In metric spaces, "wiggle" means what you might expect: "move a small distance". That is, for each point in an open subset of a metric space, there is a ball around the point which is contained in the open set.

In one important extreme, the trivial topology $\{ \emptyset,X \}$, there is no wiggle room anywhere: everything is somehow collapsed together, and by wiggling at all you "bump into everything". Formally, any sequence in the trivial topological space converges to every point in the space.

In the other important extreme, the discrete topology, all sets are open, including singletons. In view of how the subspace topology works, a nice way of viewing this is by thinking of a discrete space as a set of isolated points in a larger space that is not itself discrete. For instance $\mathbb{Z}$ is a discrete subset of $\mathbb{R}$. (I am not sure how to give an intuitive explanation of the subspace topology, however.)

Other topological spaces are in between these two extremes.

The axioms of topology make some intuitive sense in this framework:

  • The empty set is vacuously open: my intuitive definition says "from any point in the set" and there are no such points.

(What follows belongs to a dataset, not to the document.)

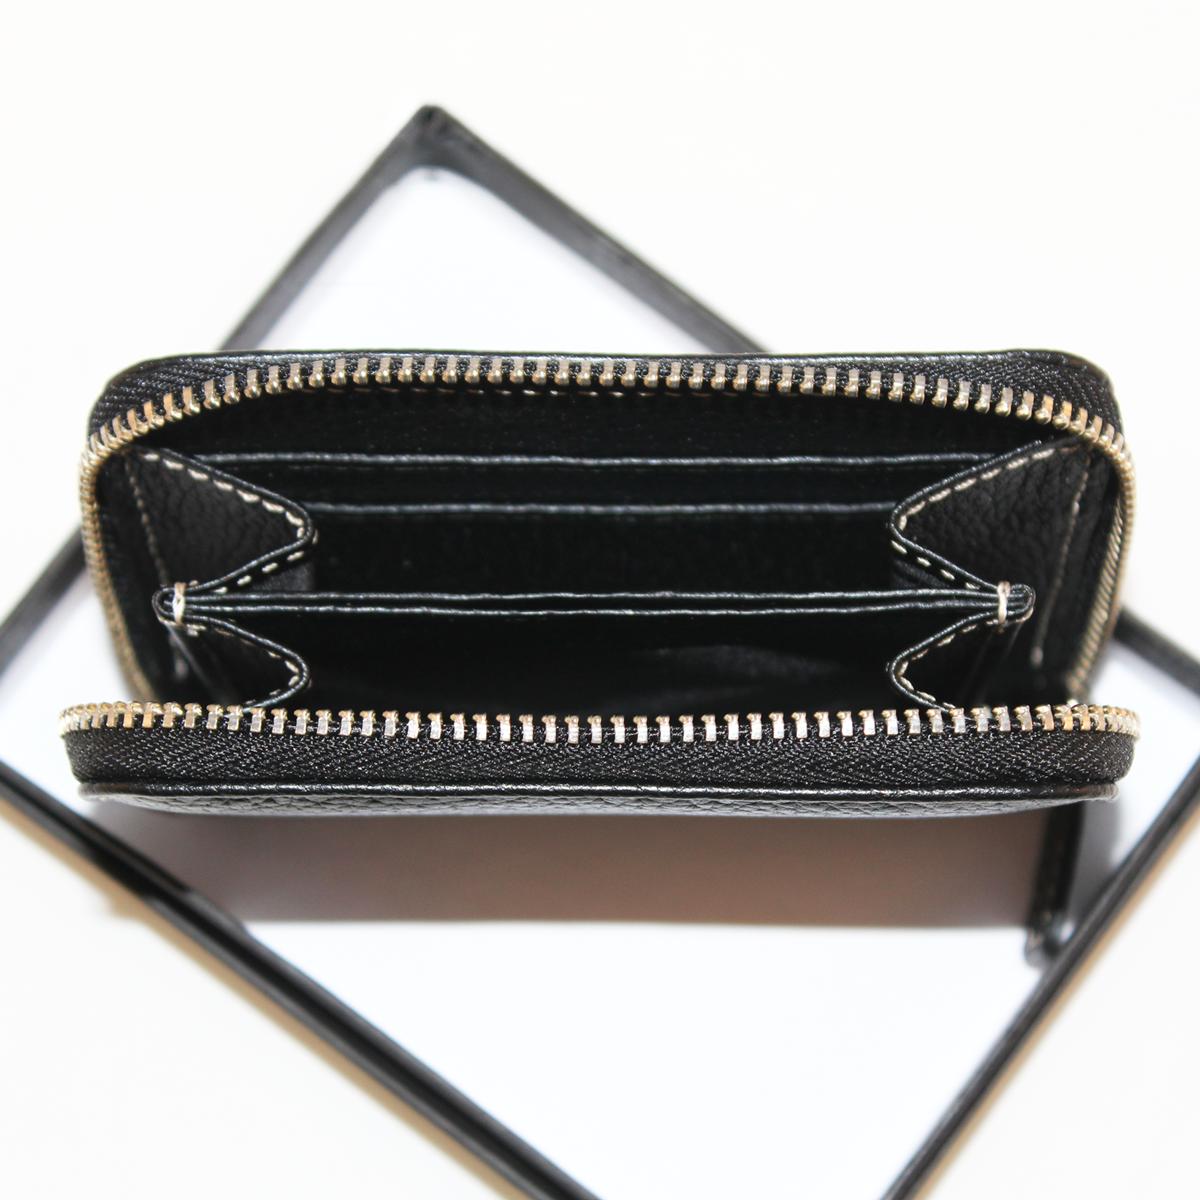 New Wallet Black

  • The entire set is also certainly open, provided we assume that "wiggling" does not take you out of the set.

  • If $U$ is a union of open sets and $x \in U$, then there is a particular open set $O$ in the union with $x \in O$. This $O$ gives $x$ some wiggle room, and this wiggle room is also contained in $U$.

  • If $U$ is a finite intersection of open sets and $x \in U$, then we can take the "wiggle room" of $x$ from each of the sets in the intersection and intersect all of them. This will still leave some room to move around $x$. This is easier to interpret in metric spaces, where the wiggle room consists of balls: the finite intersection of balls of a fixed center is just a ball whose radius is the minimum of all the radii. From this perspective, infinite intersections of open sets needn't be open, because this "minimum" (really, infimum) radius might actually be zero, which would leave us with no room to move.

Some (maybe most) general topology books prove that the definition of a topology with open sets is equivalent to the definition of a topology with a neighborhood system. This latter definition is more closely tied to the intuitive picture I've been trying to draw here.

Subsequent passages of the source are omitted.